**Problem requirements:** Give an unaltered copy of the listing below, minus its pictures.

**Given information:**
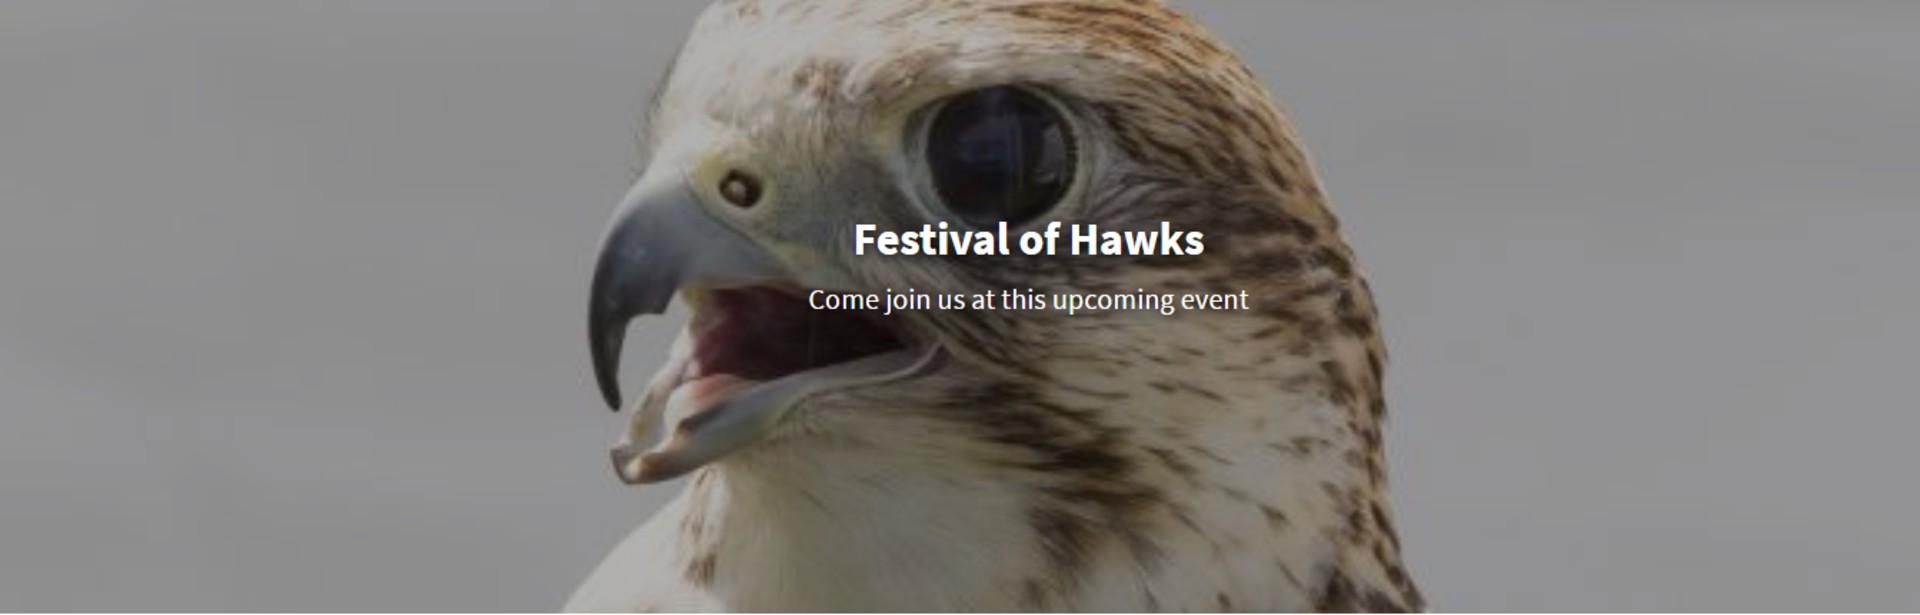 Festival of Hawks
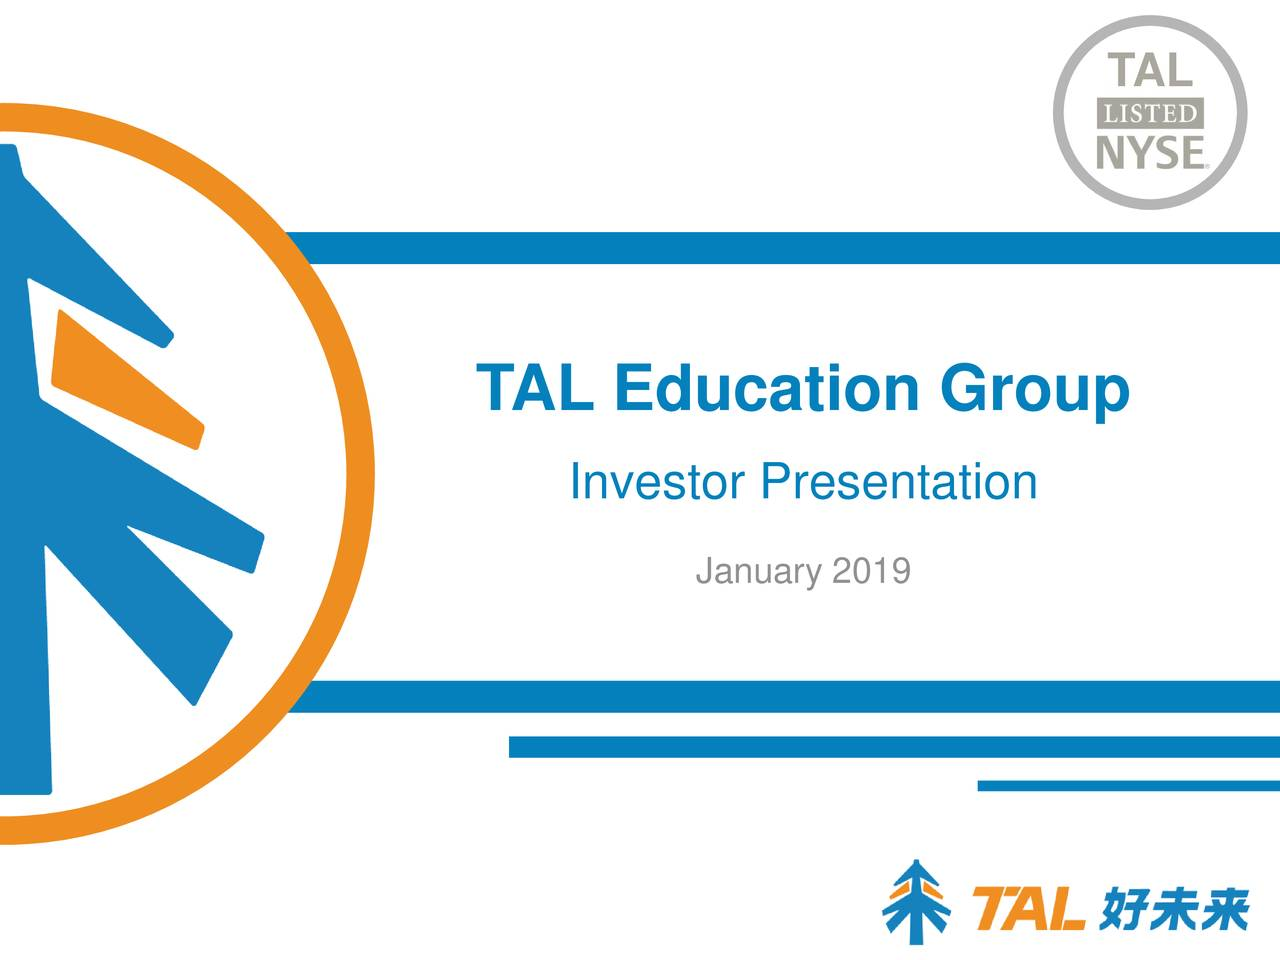 Education Group Investor Presentation January 2019
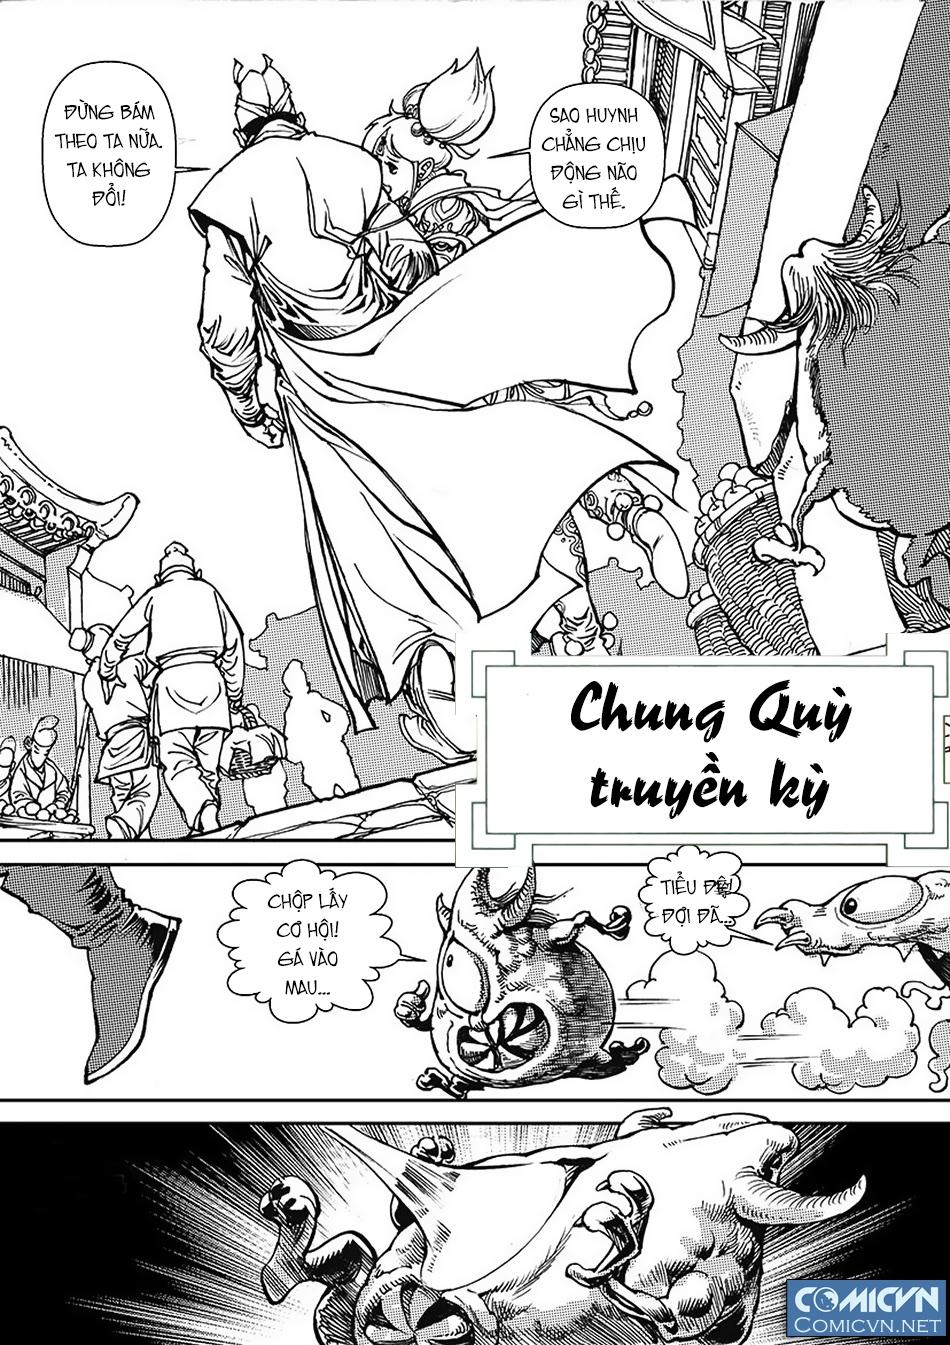 Chung Quỳ Truyền Kỳ Chapter 38 - Hamtruyen.vn

**Result:**
 Festival of Hawks
 Education Group Investor Presentation January 2019
 Chung Quỳ Truyền Kỳ Chapter 38 - Hamtruyen.vn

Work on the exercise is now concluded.